MÃO NA MASSA: Como preparar um café profissional em casa


Isabela Raposeiras


Cafeolotras anônimos

texto: Juliana Araújo, especial para o Estado
foto: JF Diorio/Estadão
A aula da barista Isabela Raposeiras começou como uma reunião de, digamos, ‘cafeólatras anônimos’, na manhã desse domingo. Sentados em volta de uma longa e estreita mesa cheia de xícaras grandes e garrafas de água, os doze alunos que estiveram no encontro Como Preparar um Café Profissional em Casa disseram, um por um, nome, idade, profissão e qual a relação que têm com a bebida. Em seguida, experimentaram às cegas os três tipos de café – todos coados - que Isabela preparou pouco antes do início da aula e guardou em garrafas térmicas profissionais.

“Vou falar uma coisa importante: meu café é frio e fraco. Vocês querem desistir agora?”, provocou Isabela, que logo tranquilizou seus alunos explicando que, quando o café resfria, características de avaliação como acidez e doçura se realçam. Ela também ensinou que “o melhor café é o mais diluído”, para o desespero daqueles que não engolem o café de estilo americano.

Ela disse que os americanos usam, em seu mal-afamado ‘chafé’, uma média de 40g a 50g de café por litro de água, enquanto os brasileiros preferem de 100g a 120 g do pó para a mesma quantidade de água. “Eles diluem demais. Mas, tecnicamente, estão mais próximos da concentração ideal, que é de 70g, quando o grão é de qualidade. Os brasileiros diluem pouco e muitos sólidos ficam retidos na borra, por isso o café fica mais amargo e mais pobre”, explicou.

“Café amargo é sinônimo de café ruim”, decretou a barista. Para sentir a “doçura natural” do café, ela pediu que na degustação ninguém adoçasse a bebida. “Mas não fiquem constrangidos se quiserem adoçar o café no dia a dia. Temos que beber do jeito como nos sentimos melhor”, relativizou.

Isabela só começou a degustação depois fazer algumas considerações sobre as principais características do café: a acidez, “uma qualidade da bebida que não tem nada a ver com amargor”; o corpo, “que confere ao café estrutura e viscosidade e está diretamente relacionado a acidez”; e o retrogosto, “sabor residual que tem que ser prolongado e agradável”.

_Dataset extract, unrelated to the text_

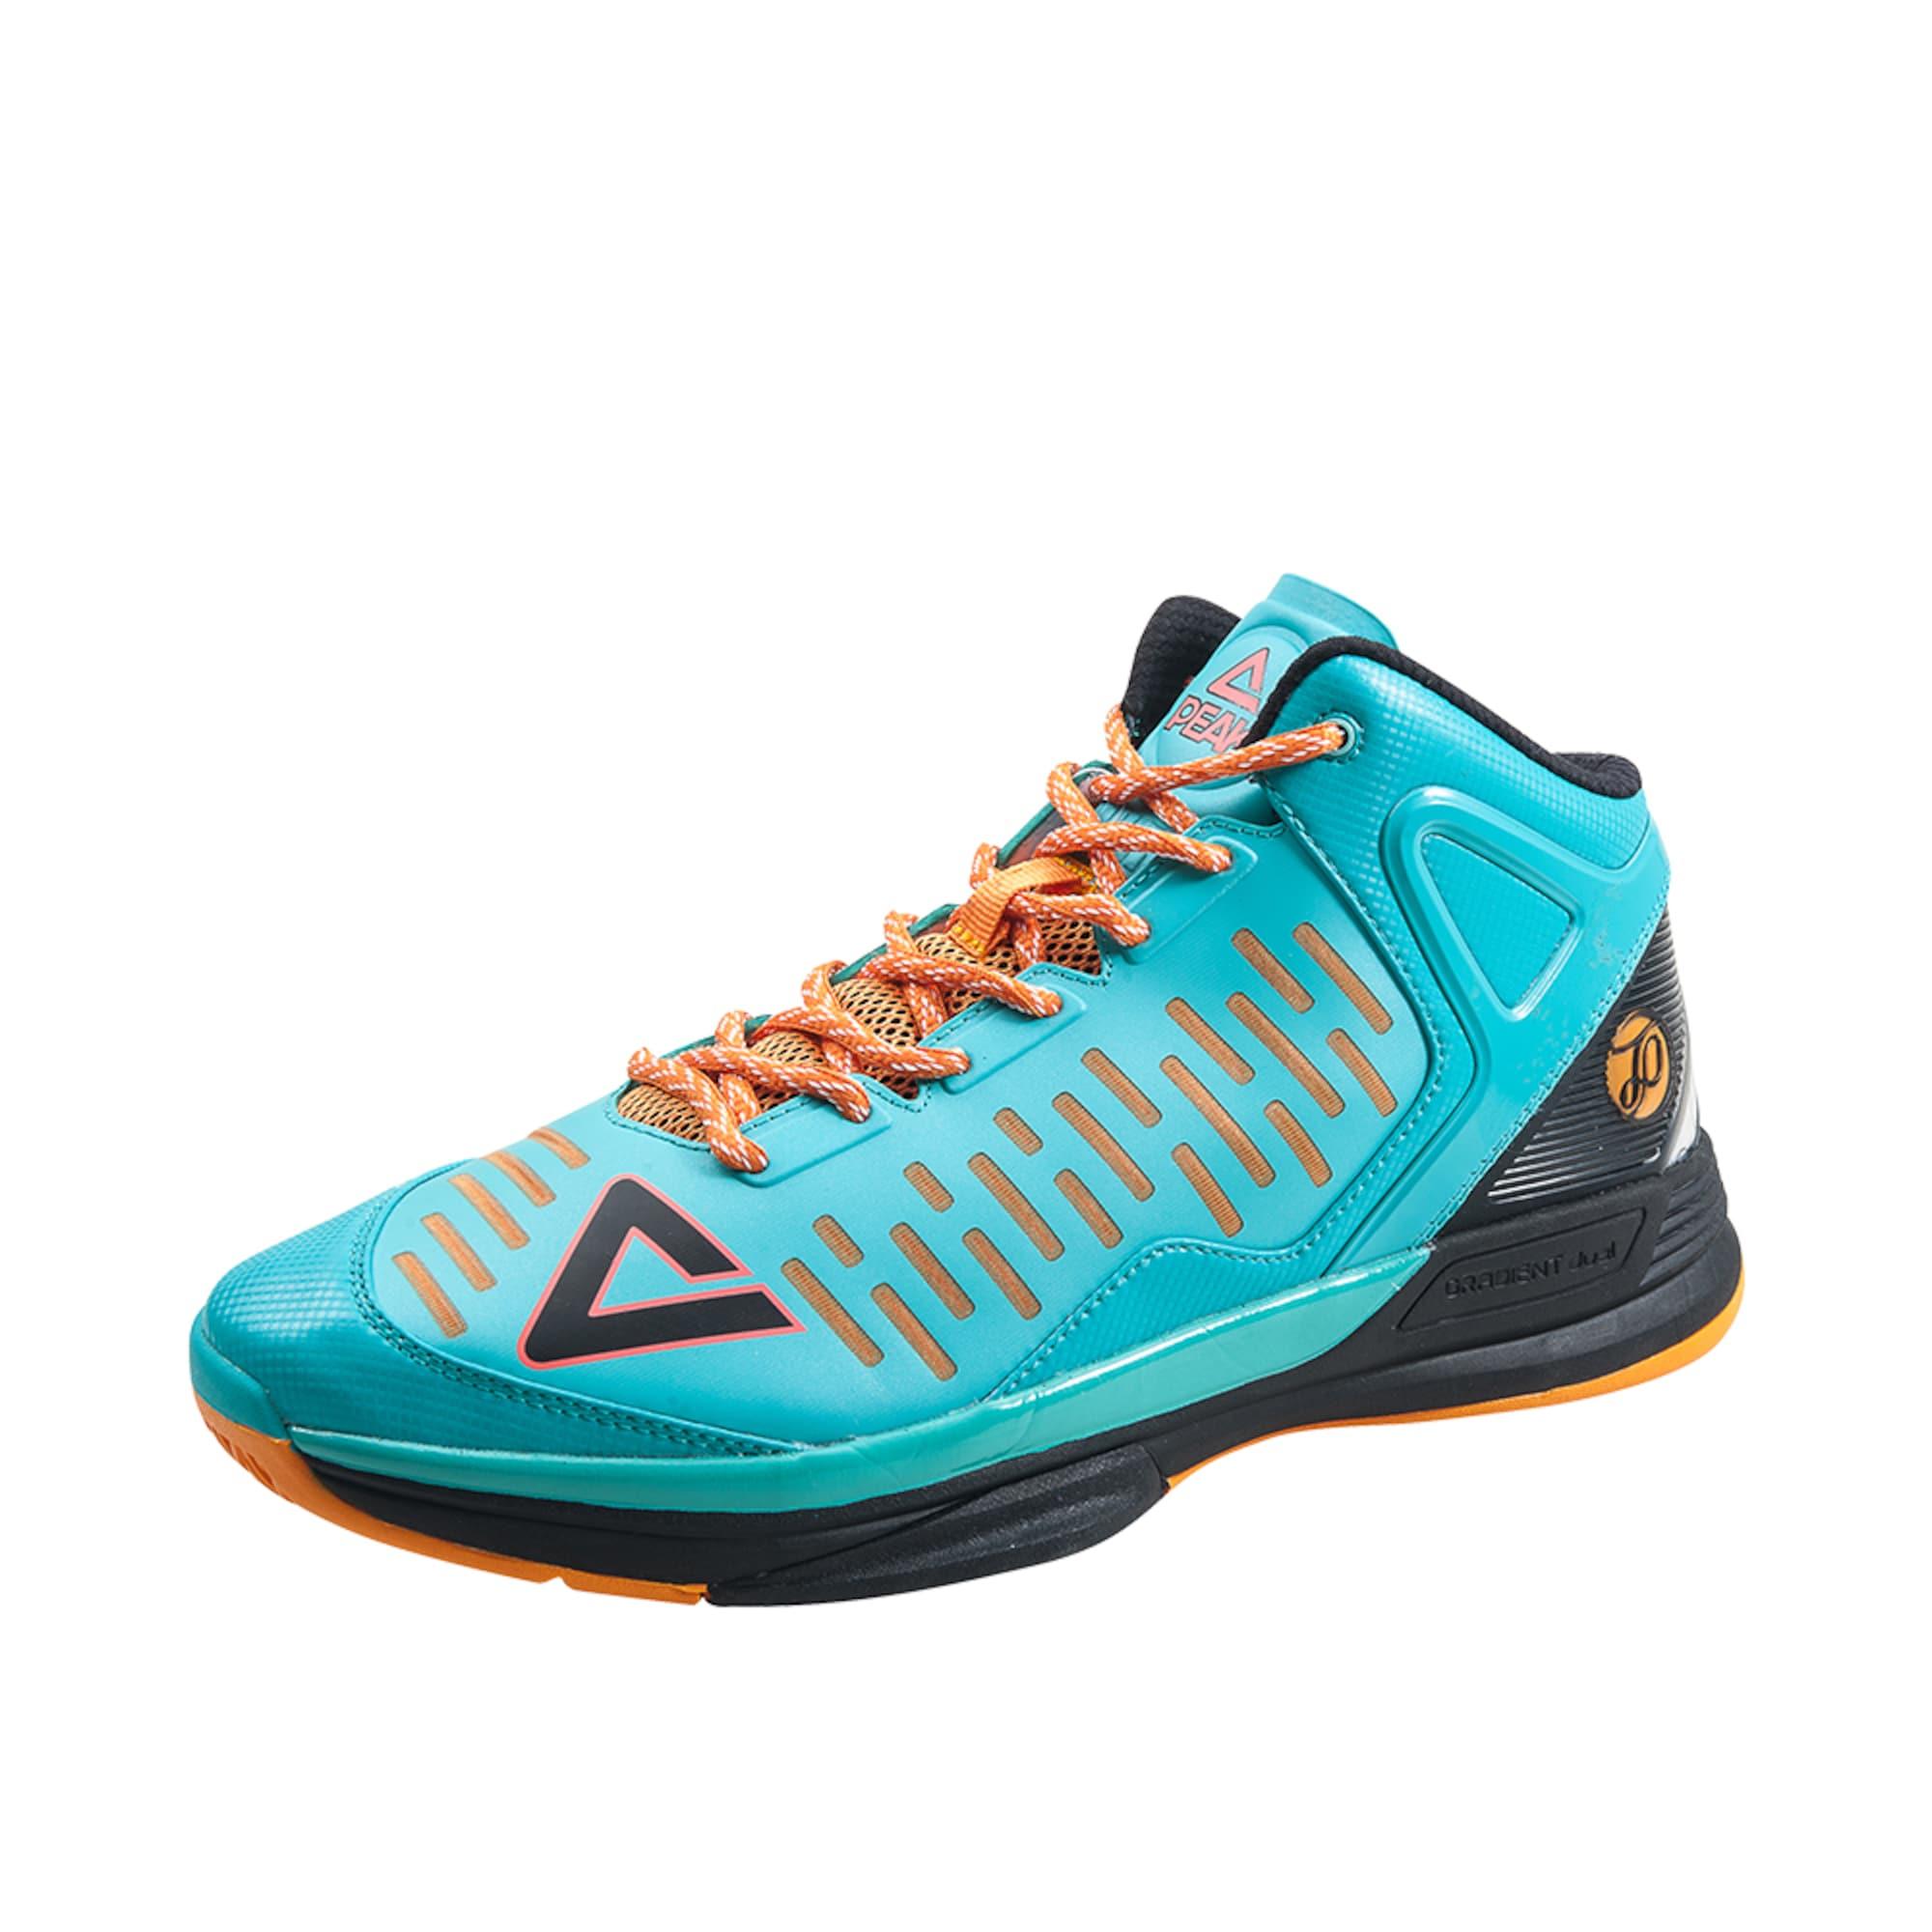 Basketballschuh TP9 II Tony Parker | Schuhe > Sportschuhe > Basketballschuhe | Peak

Todos os cafés servidos foram diluídos na mesma proporção: 70 g por litro de água. O primeiro lembrava frutas vermelhas, segundo a barista, enquanto o segundo tinha gosto de cural. Já o terceiro e último, para a infelicidade dos degustadores, cheirava a “borracha de pneu de caminhão”. Alguns concordaram com ela, outros sentiram apenas o gosto de café – mas o grupo foi unânime em relação ao cheiro de borracha. Só então ela contou que os três são da espécie arábica, mas o primeiro é o grão Catuaí Vermelho, da Fazenda Portal, de Minas Gerais; o segundo veio de uma fazenda nas montanhas do Espírito Santo e, segundo ela, tem características de café africano – para ela entre os melhores do mundo -, enquanto o terceiro foi o café Pilão: “a rebarba da rebarba da rebarba das sementes”, nas palavras da barista.

Diante do choque geral, Isabela contou que a mãe dela toma esse mesmo tipo de café. “Não consigo convencê-la a comprar outro, haja terapia para lidar com isso. É muita sabotagem”, brincou.

Isabela falou sobre a data de validade dos grãos, que na legislação é de um ano, mas para ela o consumo deve ser feito em um mês. “Depois de moídos, então, a validade é de dez minutos.” Para solucionar o problema, a dica dela é que todos tenham em casa um moedor que custa aproximadamente R$ 80 em sua loja. “Mas nas americanas.com você encontra por R$ 60.” E no fim da aula moeu o café Catuaí Vermelho para coar na hora – com coador de papel, que segundo ela é melhor que o de pano.

Mesmo depois dos aplausos da aula mais longa deste 7º Paladar Cozinha do Brasil, com duas horas e vinte minutos de duração, ela não desistiu: “Se vocês não comprarem um moedor, não me aplaudam”, disse, com sua firmeza habitual de convicções.